↓

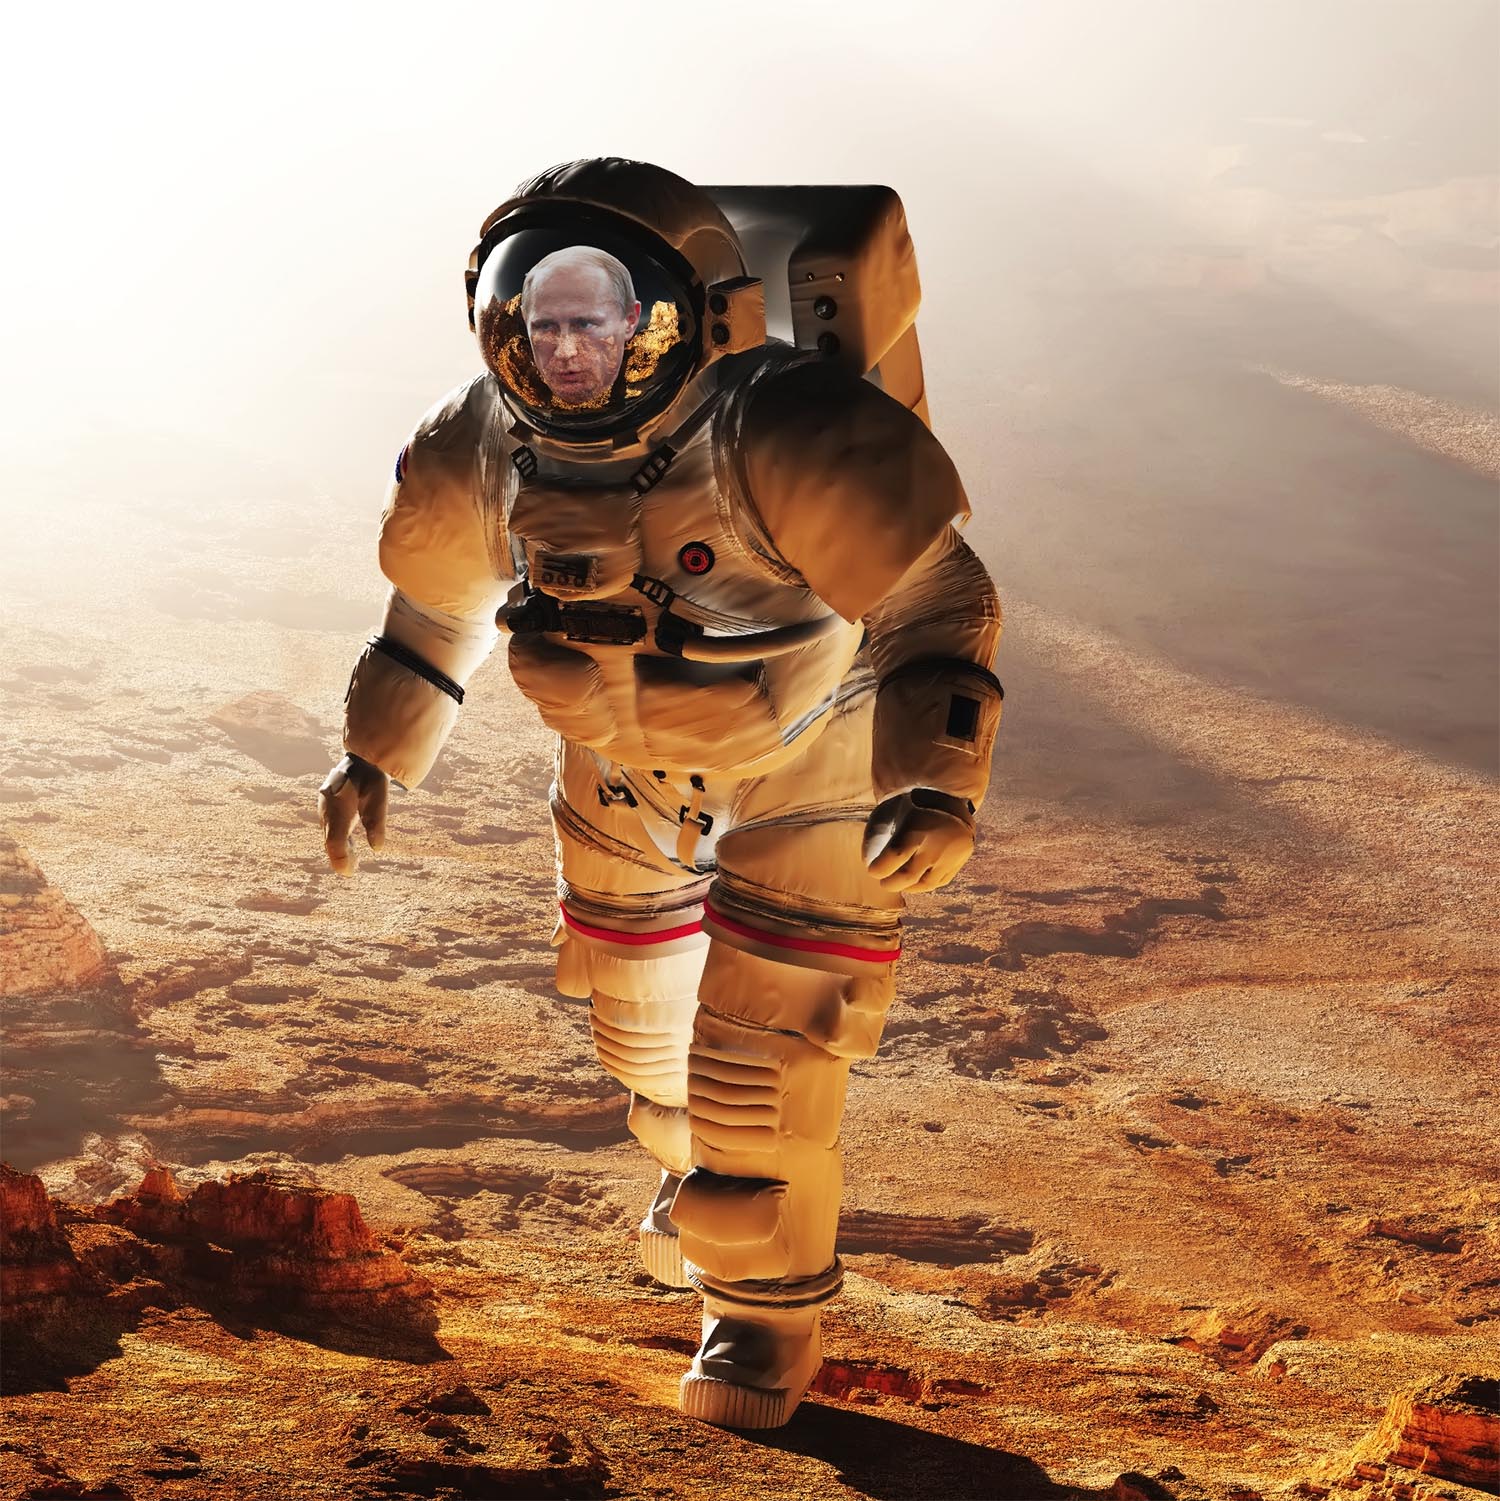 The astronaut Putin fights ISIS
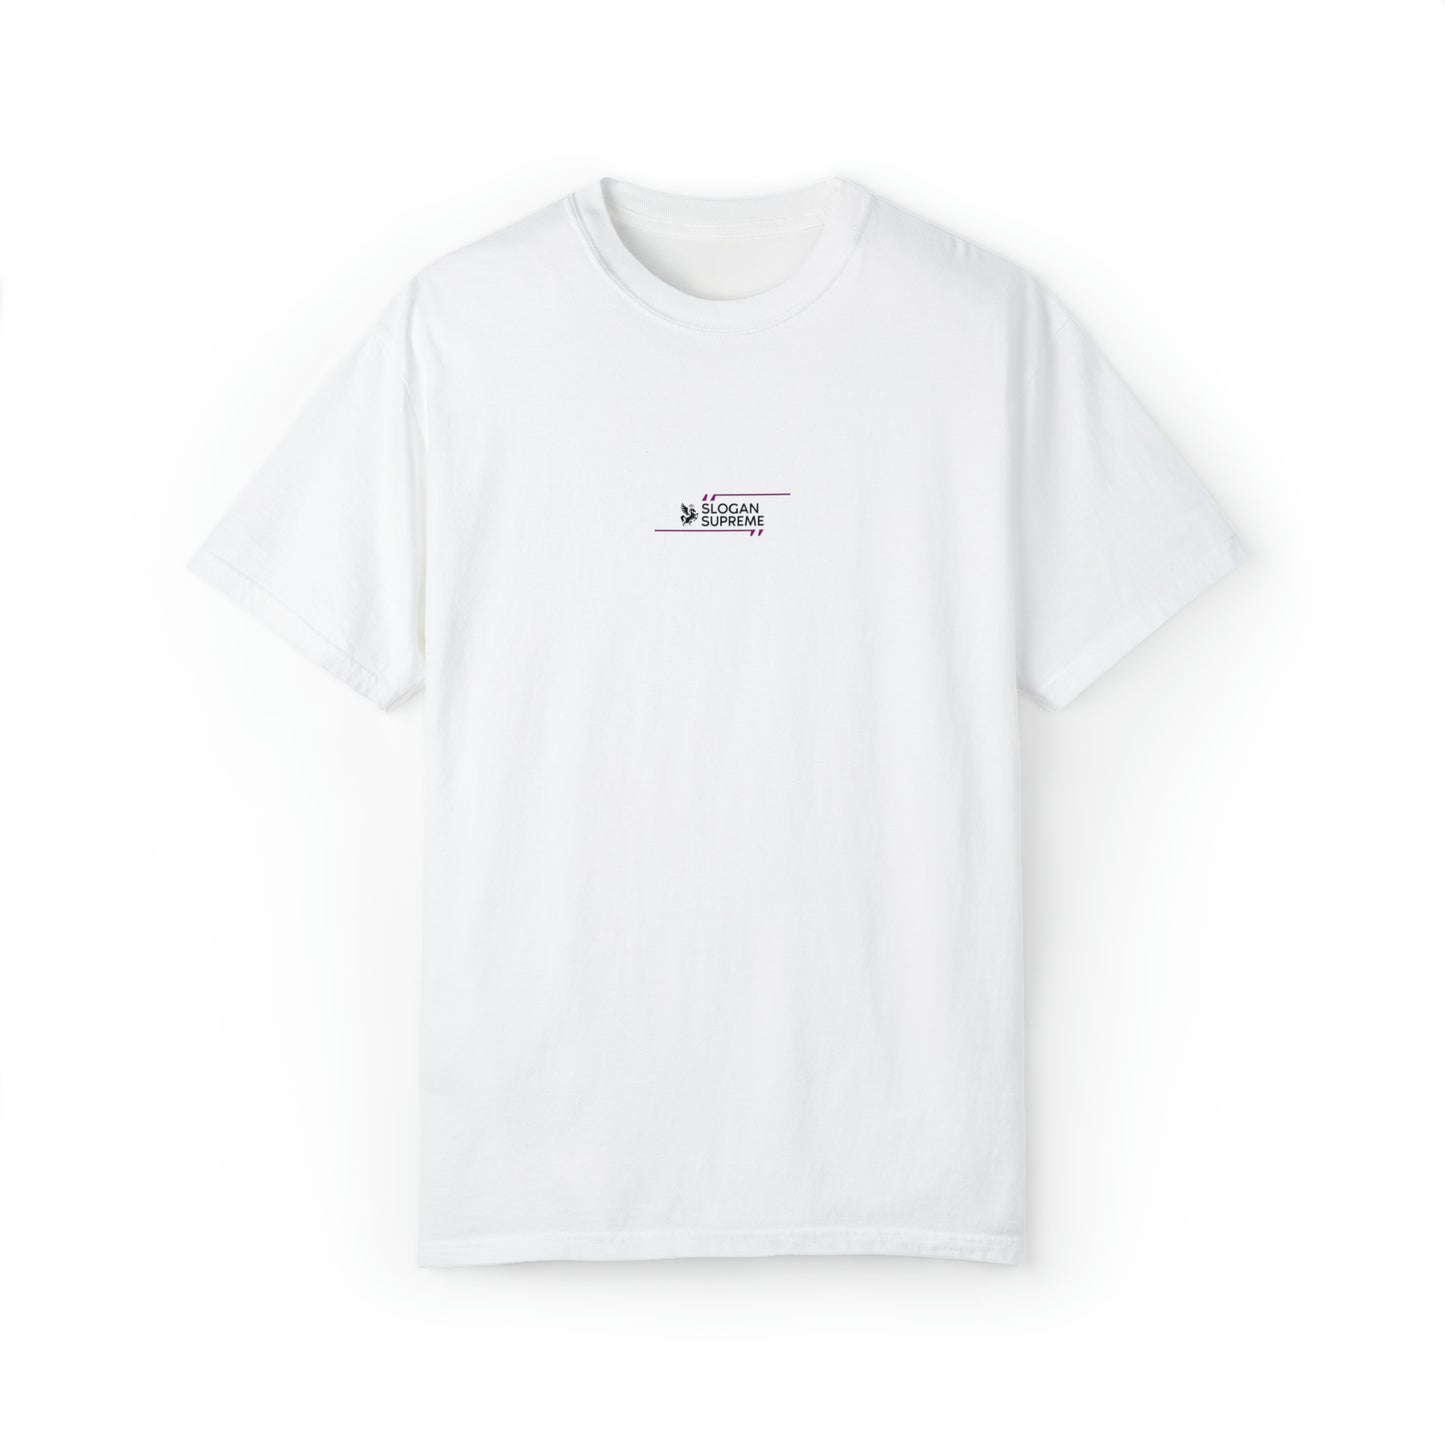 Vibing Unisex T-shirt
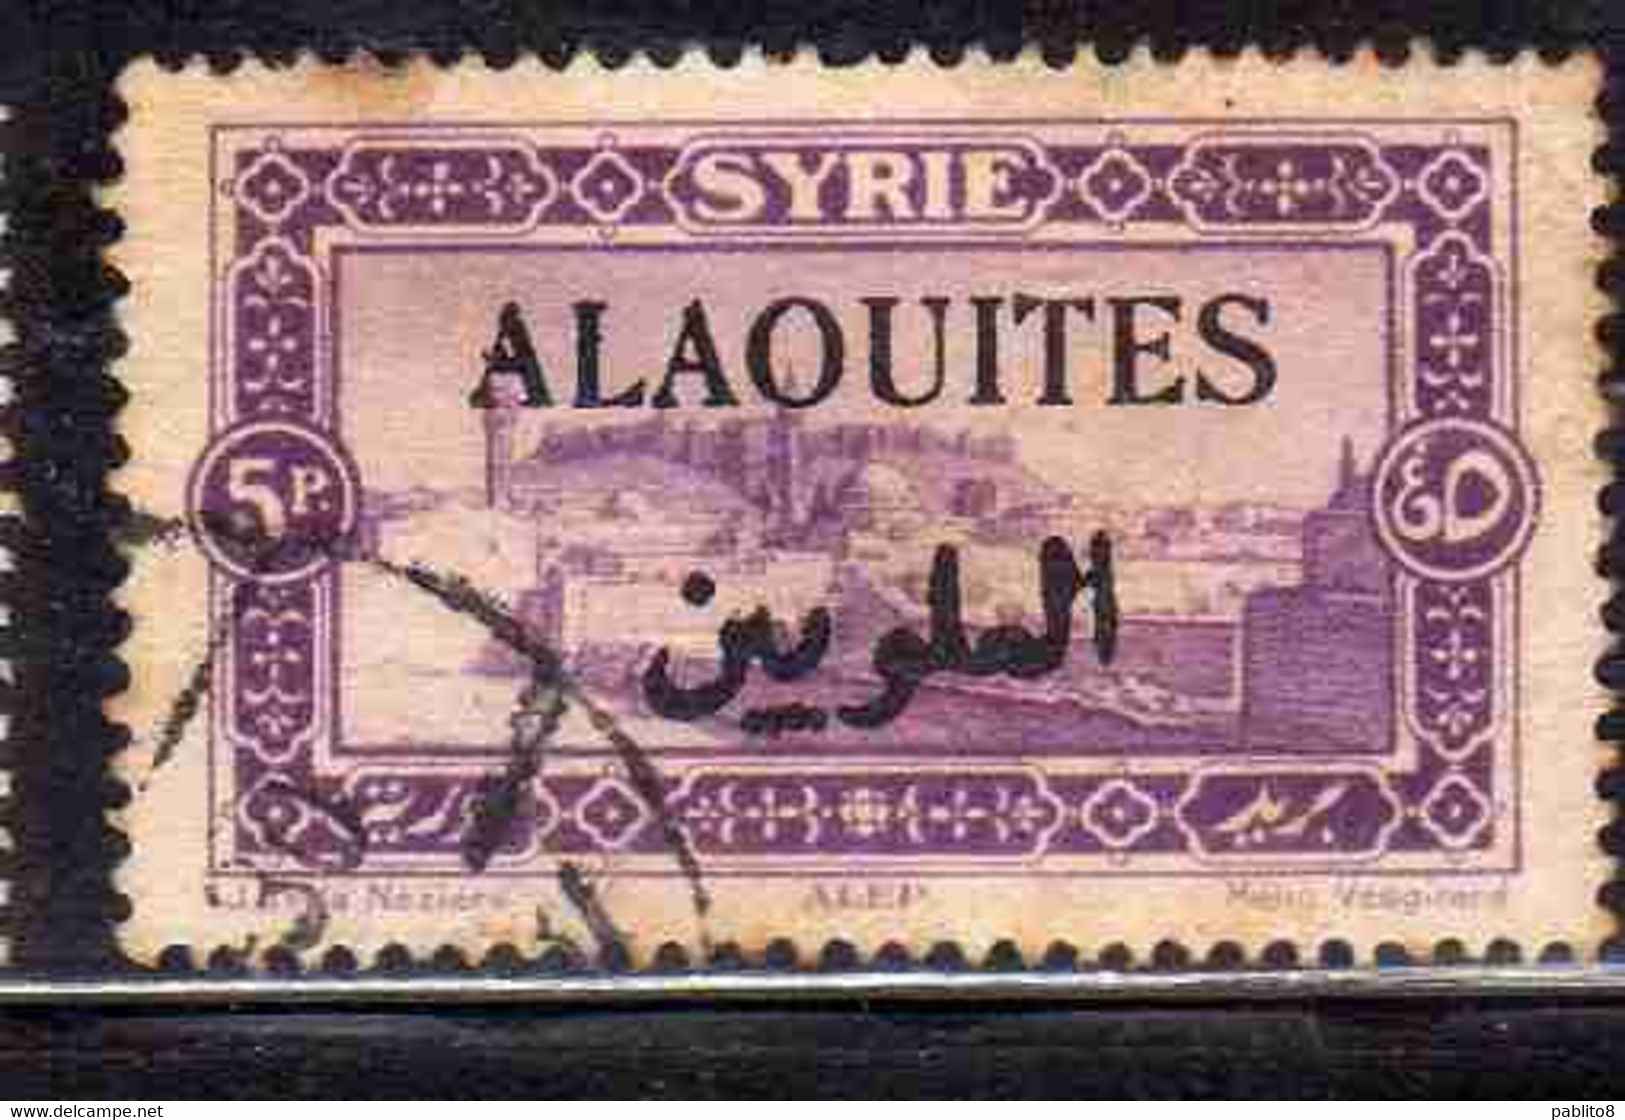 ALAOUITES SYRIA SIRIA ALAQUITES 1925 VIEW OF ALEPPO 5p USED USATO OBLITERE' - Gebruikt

↑

## [WORK INSTRUCTIONS]
Write out, exactly and only, the lines from the one containing "Vibing Unisex T-shirt" through the last line of the material above. Pictures do not go in the copy.

## [TASK OUTPUT]
 Vibing Unisex T-shirt
 ALAOUITES SYRIA SIRIA ALAQUITES 1925 VIEW OF ALEPPO 5p USED USATO OBLITERE' - Gebruikt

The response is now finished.